## [What is needed]
For this exercise, retype all the data exactly and exclude every image.

## [Raw data]

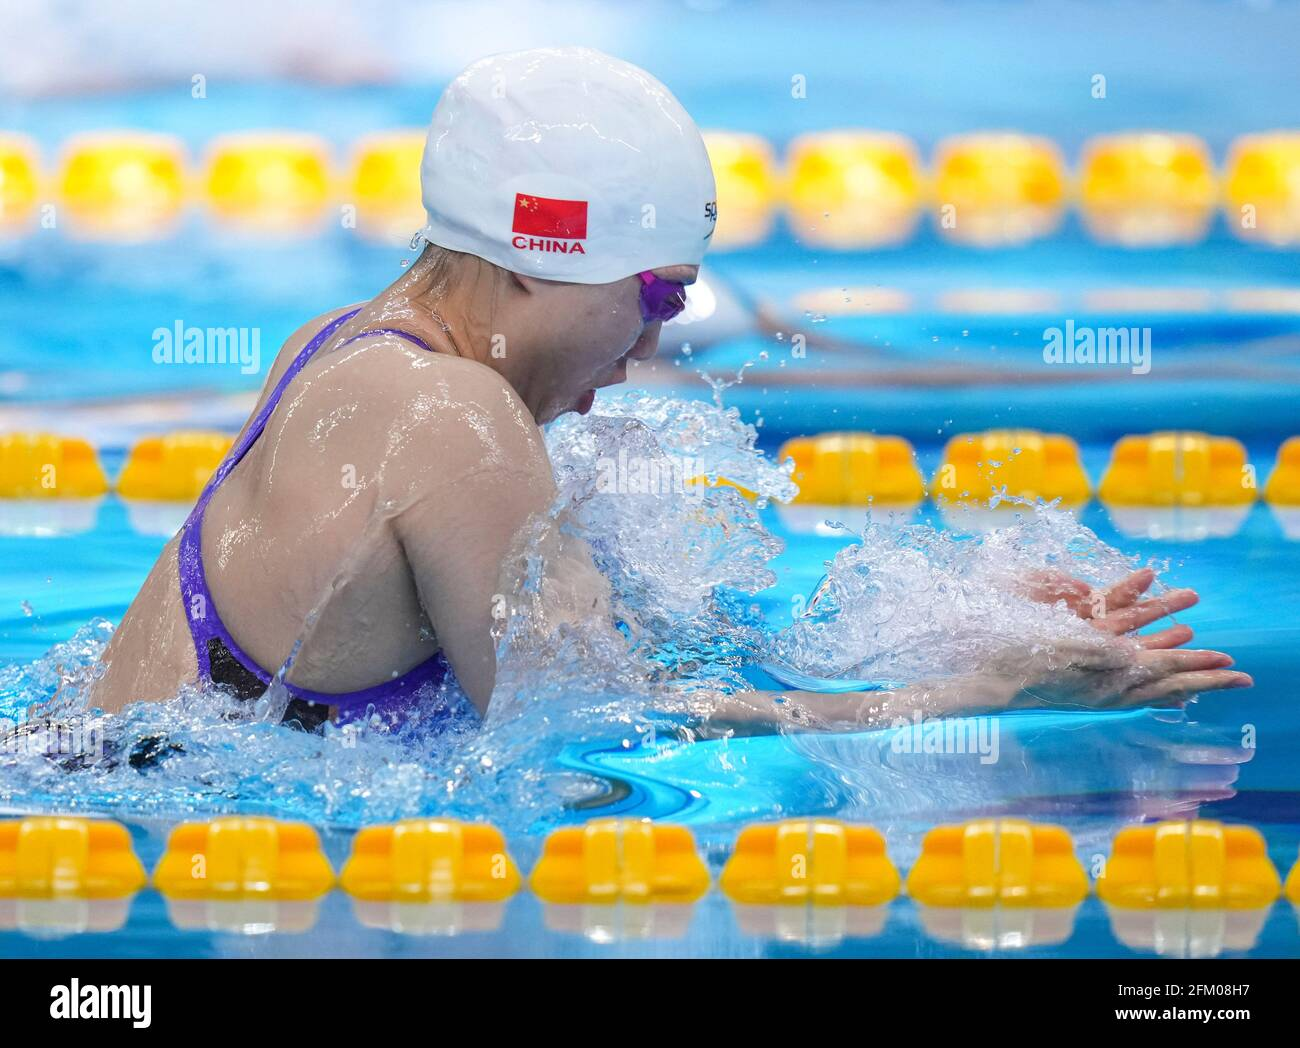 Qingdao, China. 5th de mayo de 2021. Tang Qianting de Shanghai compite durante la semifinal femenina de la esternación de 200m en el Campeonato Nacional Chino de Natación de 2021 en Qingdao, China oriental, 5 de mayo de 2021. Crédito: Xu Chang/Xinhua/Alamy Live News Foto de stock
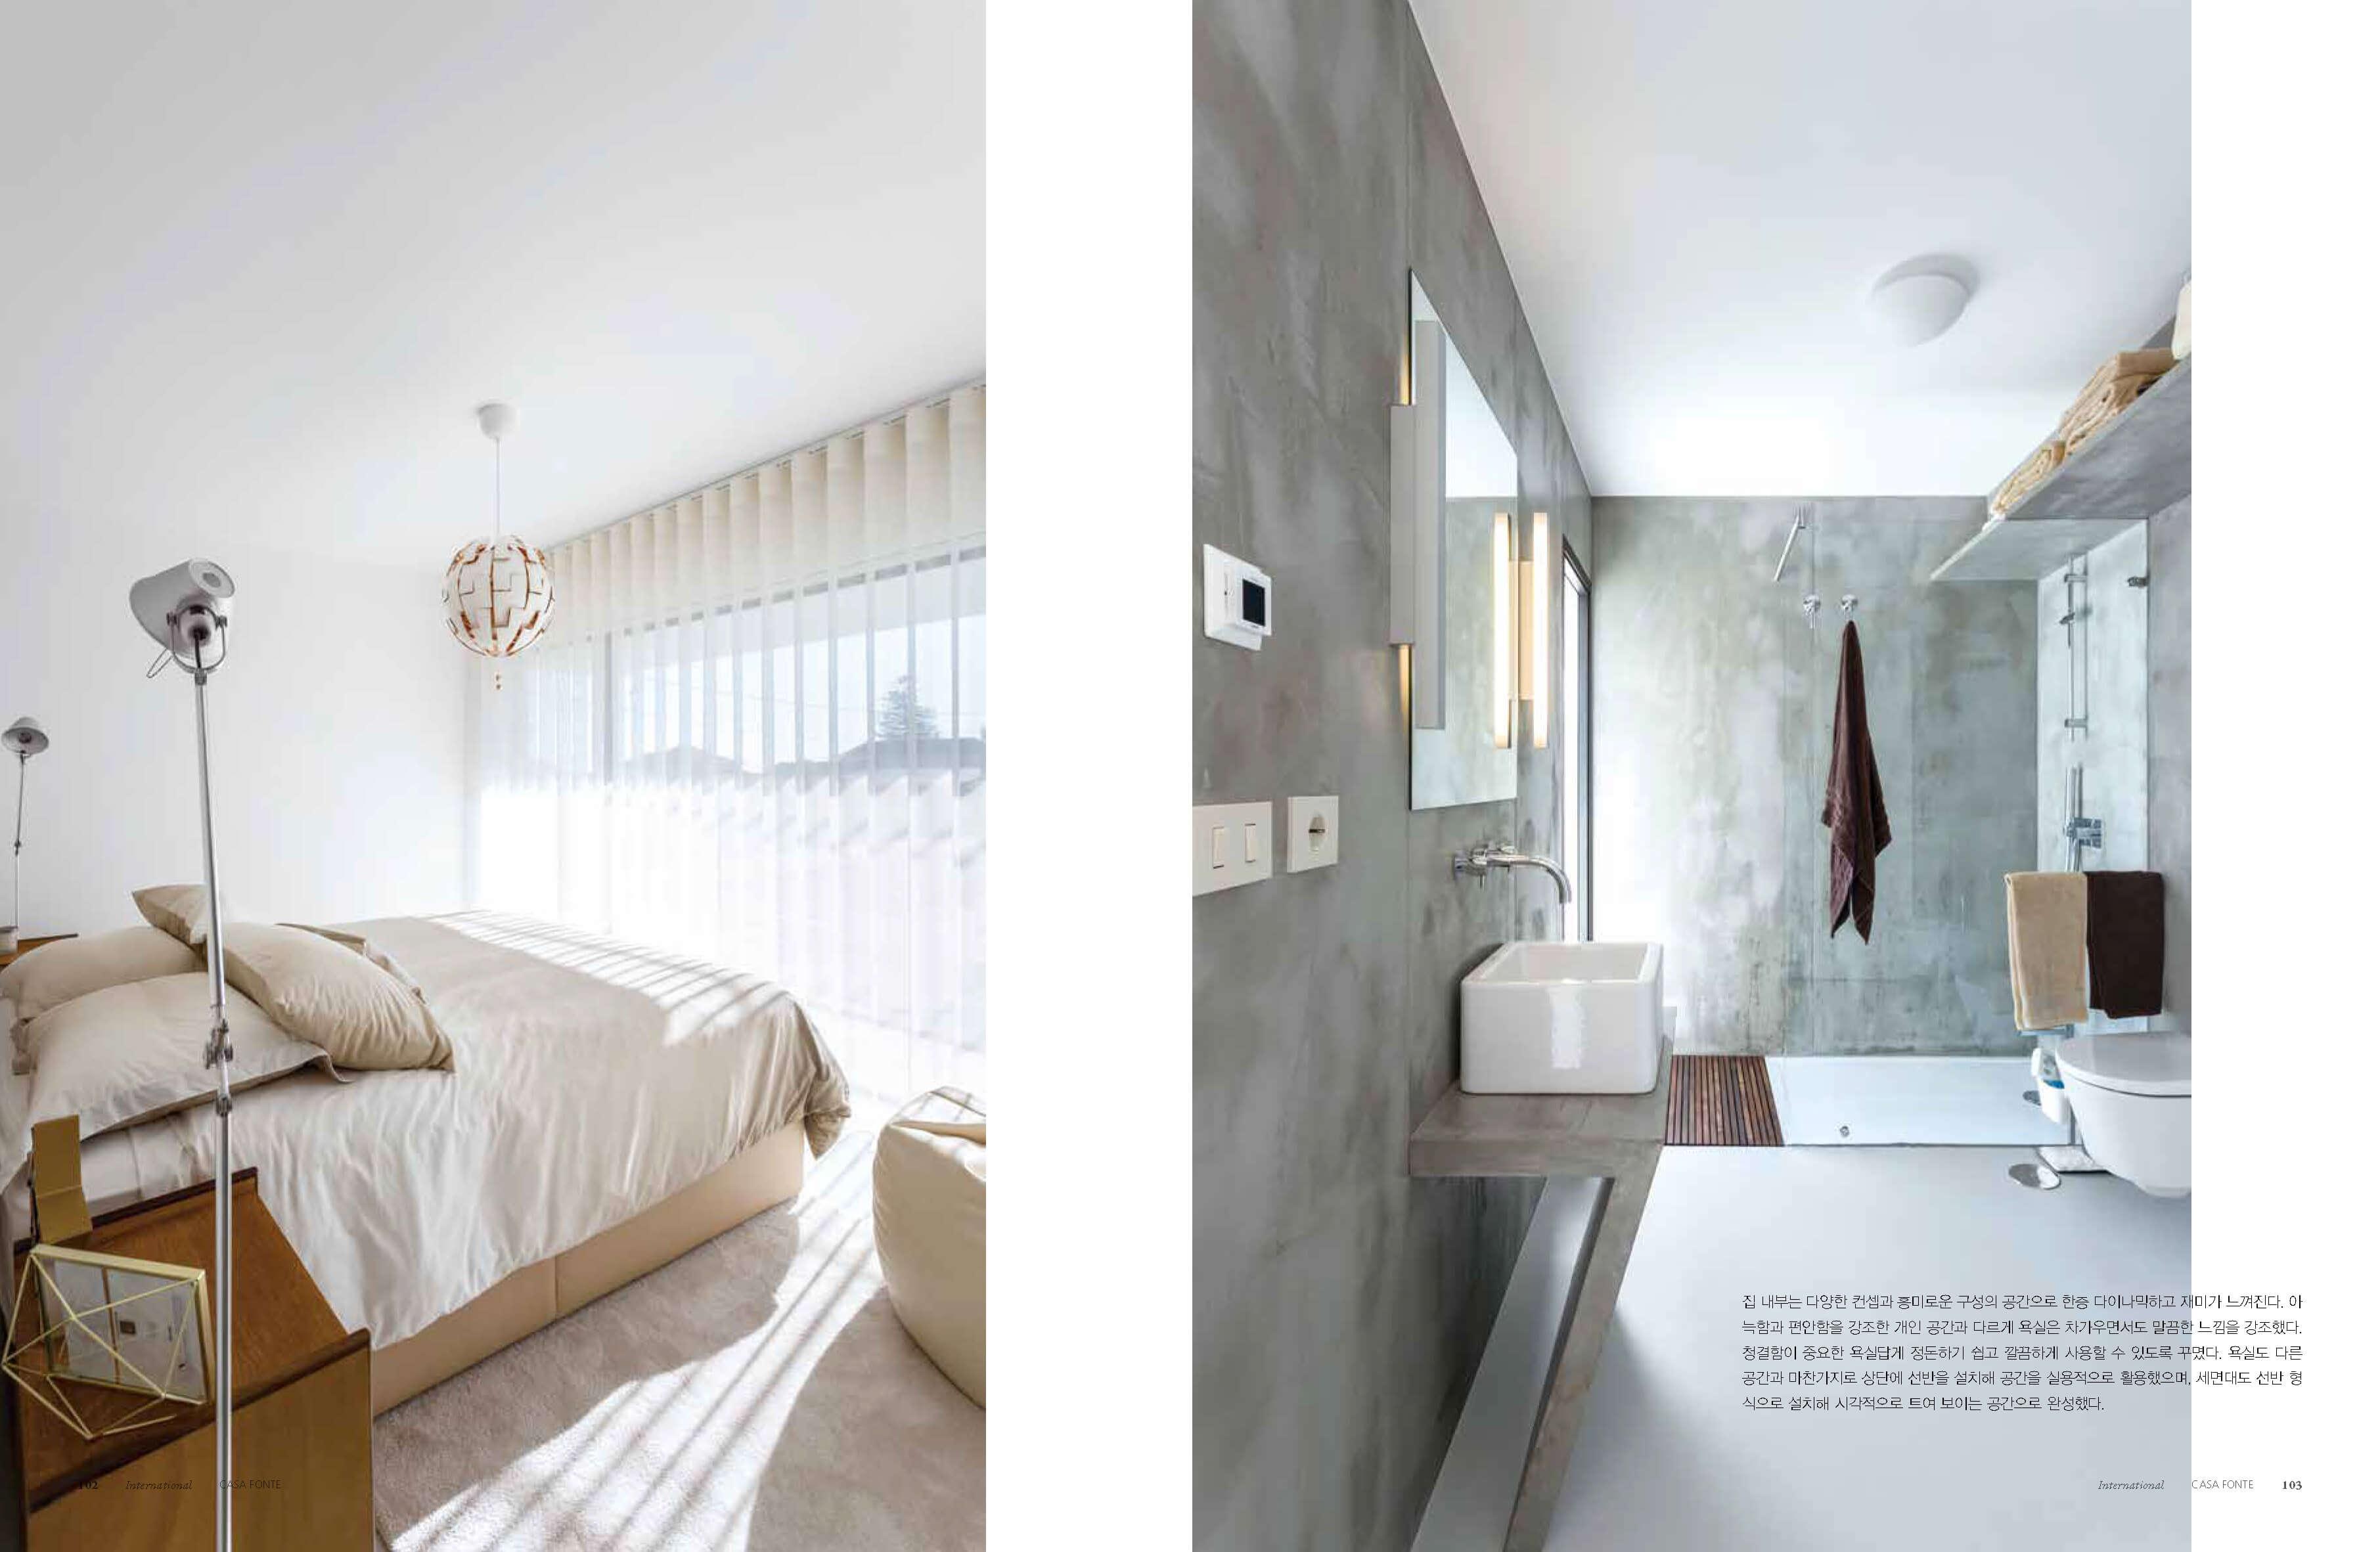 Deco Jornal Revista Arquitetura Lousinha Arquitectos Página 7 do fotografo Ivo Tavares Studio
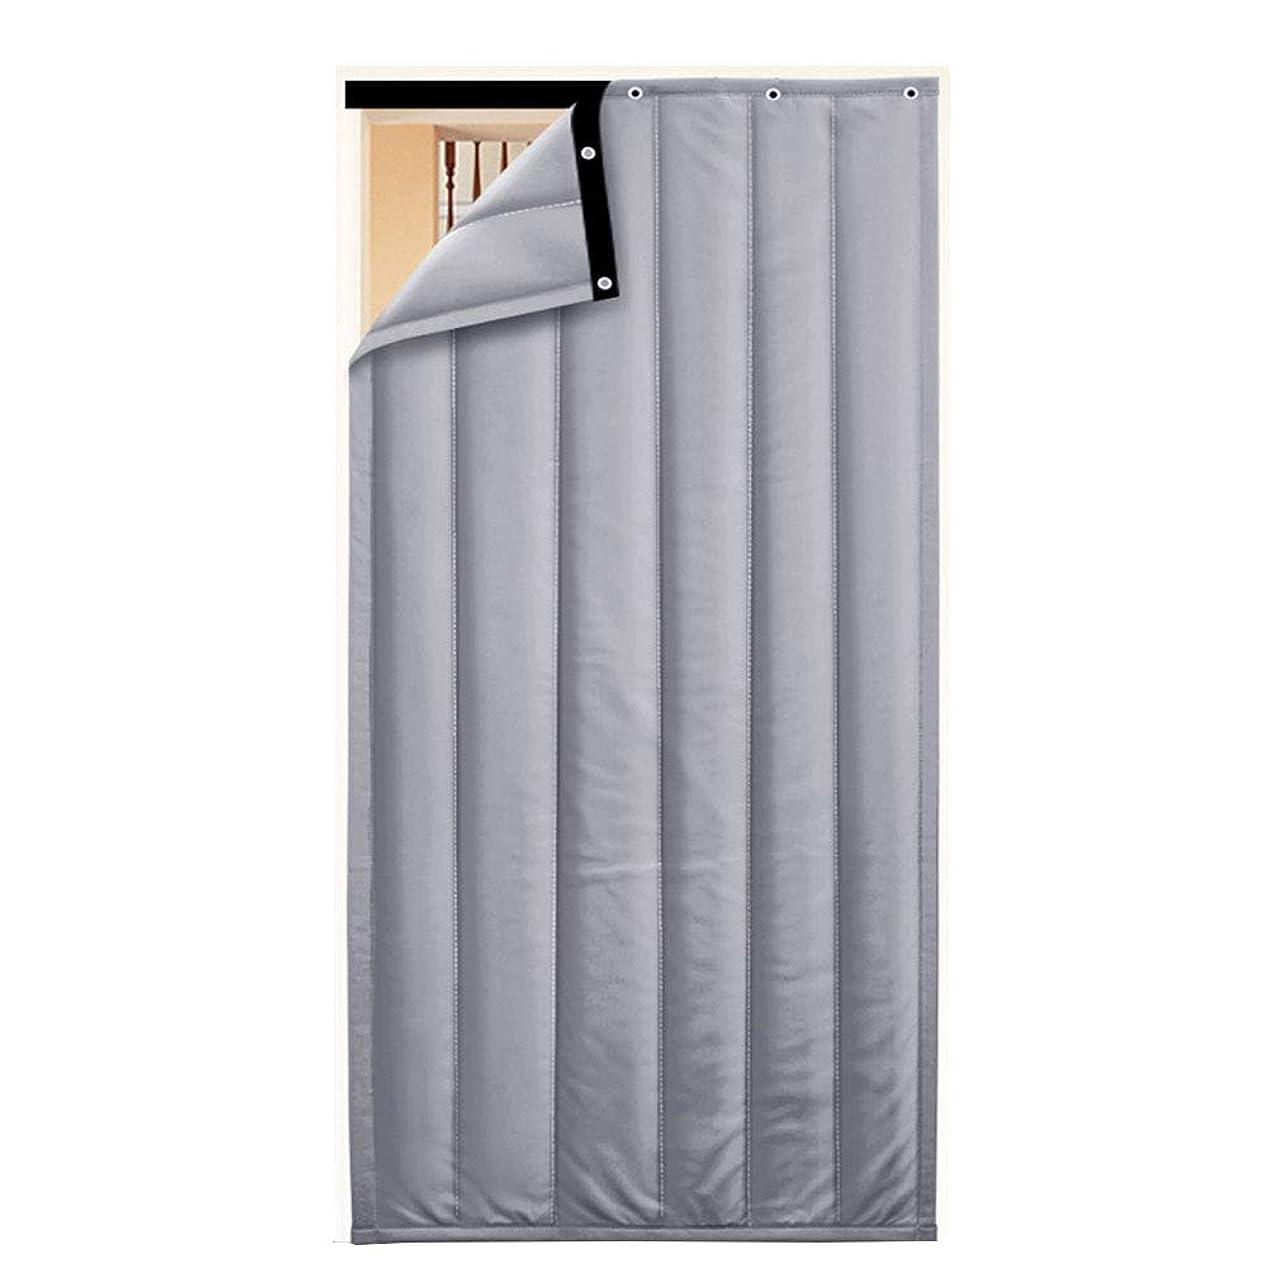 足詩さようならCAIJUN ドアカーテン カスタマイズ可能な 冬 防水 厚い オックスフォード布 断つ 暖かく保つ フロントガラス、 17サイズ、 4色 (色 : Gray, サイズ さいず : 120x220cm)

## [Task response]
 Qingdao, China. 5th de mayo de 2021. Tang Qianting de Shanghai compite durante la semifinal femenina de la esternación de 200m en el Campeonato Nacional Chino de Natación de 2021 en Qingdao, China oriental, 5 de mayo de 2021. Crédito: Xu Chang/Xinhua/Alamy Live News Foto de stock
 Deco Jornal Revista Arquitetura Lousinha Arquitectos Página 7 do fotografo Ivo Tavares Studio
 足詩さようならCAIJUN ドアカーテン カスタマイズ可能な 冬 防水 厚い オックスフォード布 断つ 暖かく保つ フロントガラス、 17サイズ、 4色 (色 : Gray, サイズ さいず : 120x220cm)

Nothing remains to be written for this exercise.